Afterwards, in the car, the Lovely Bride said, "What were those books we had, the ones in which there were collections of interviews about jobs and World War II?"
I responded "The books were "Working" and "The Good War", by Studs Terkel." He compiled a lot of interviews on these subjects (and other subjects as well), edited them, and published them as oral histories.
And An Endless Shift works off the same principle. The three devisers (as opposed to playwrights) interviewed five health care professionals (four nurses and a respiratory technician) about their experiences during the pandemic. The endless shift of the title is both a reflection of the long hours and relentless pressure during the worst of the pandemic, and the shifting opinions on them as the crisis dragged on, from surprise to fear to support to doubt to hostility from some of the same people they were trying to save.
The performance in one-woman, five characters, five chairs on the stage. Gloria Alacal, one of the devisers is the actor, supported by audio clips of both the news of the day and the women interviewed. And she does a good job, though some of her characters tend to blend and blur in the single-person retelling (I had some trouble telling apart when she was the older African American nurse. and the younger gay male nurse). And there is some repetition in tying it all together at the end, but it holds the (mostly masked) audience for the length of the performance.

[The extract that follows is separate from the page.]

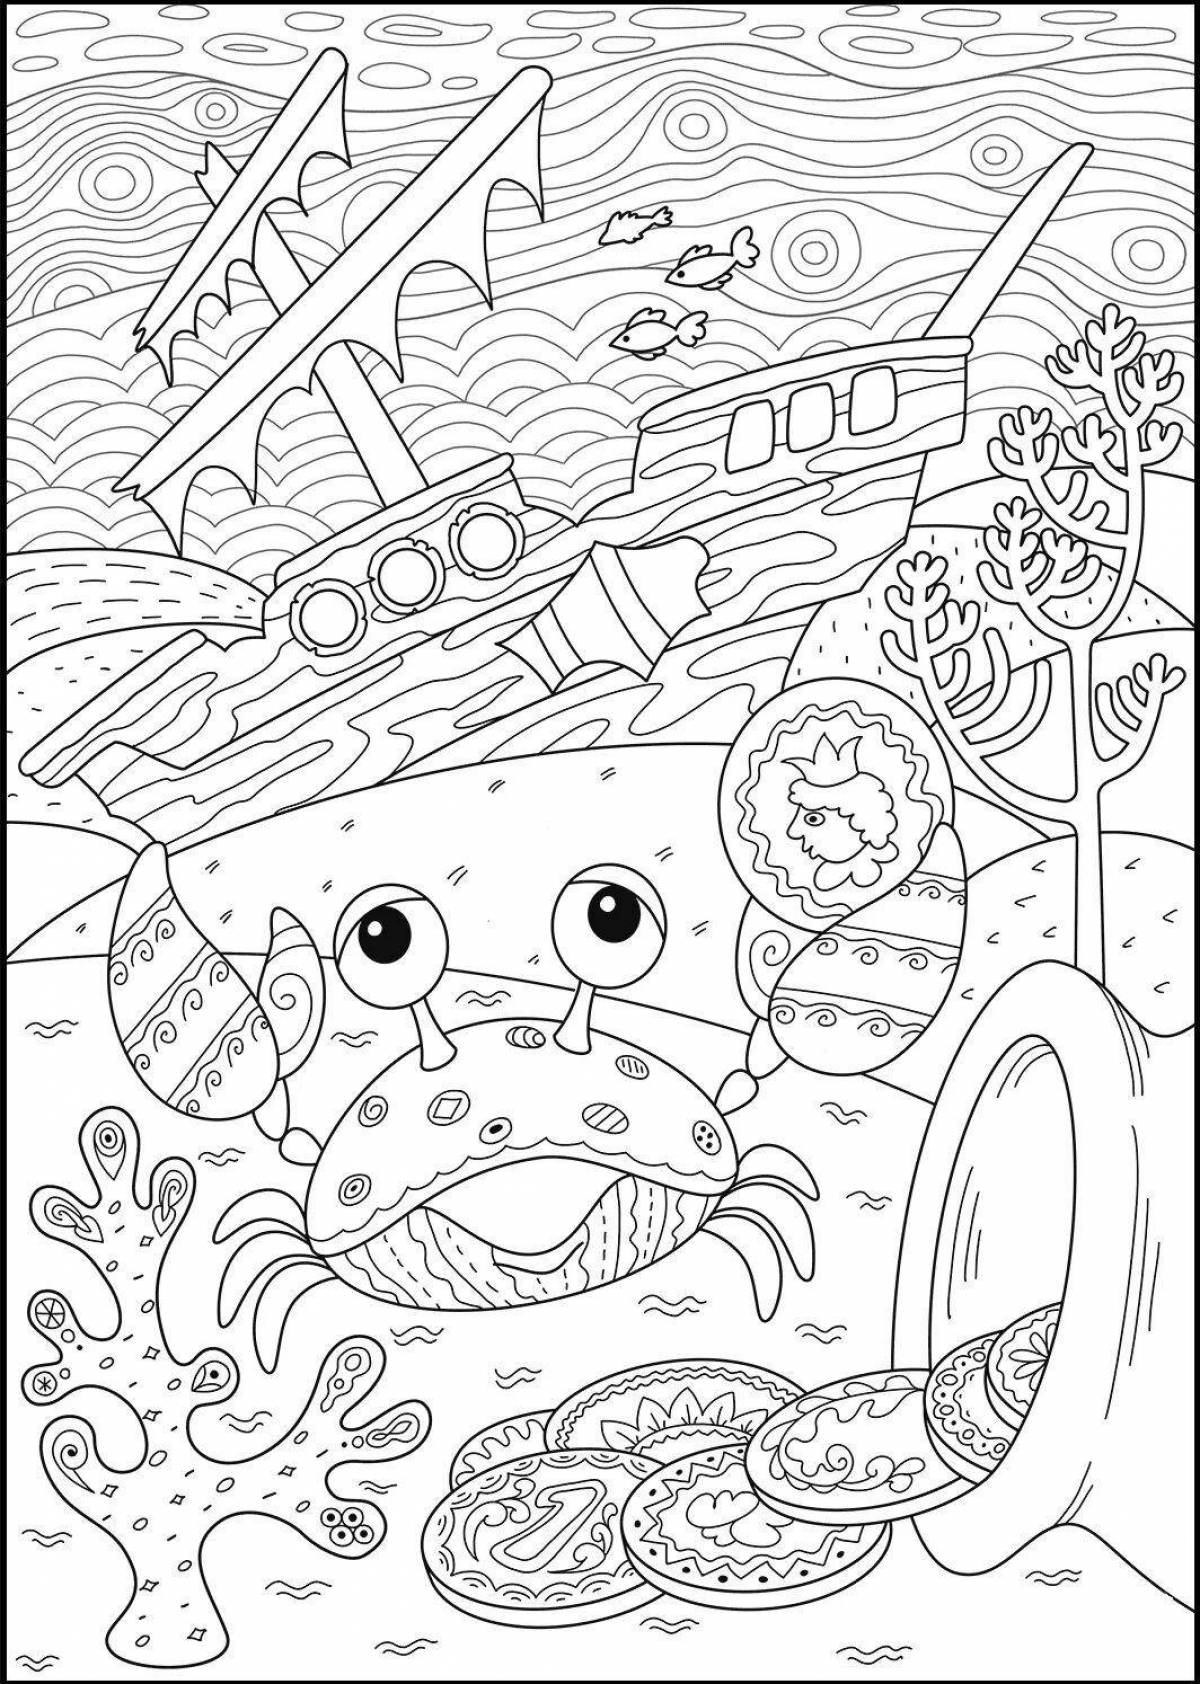 Amazing shipwreck coloring page

And the play provides a narrative approach to the entire mess of the past three years. We've been buffeted by events and discoveries and reverses and politics. Particularly politics. As we move forward, figuring out what happened and why will be a big chunk of our history of these times, and the living record of those who went through it on the front lines will be a big part of that.
Ultimately as a performance? It's good, and can be better. Yes, the devisers are relaying the words and experiences of their subjects, but they are also choosing the questions and choosing which responses to present and in what order. Terkel presented himself as an author, and Alcal, Davenport, and Wright are similarly empowered to do so. The performance itself needs some editing (I thought we reached the end about three times), yet it was a powerful statement in the words of those that were boots on the ground at the center of this maelstrom.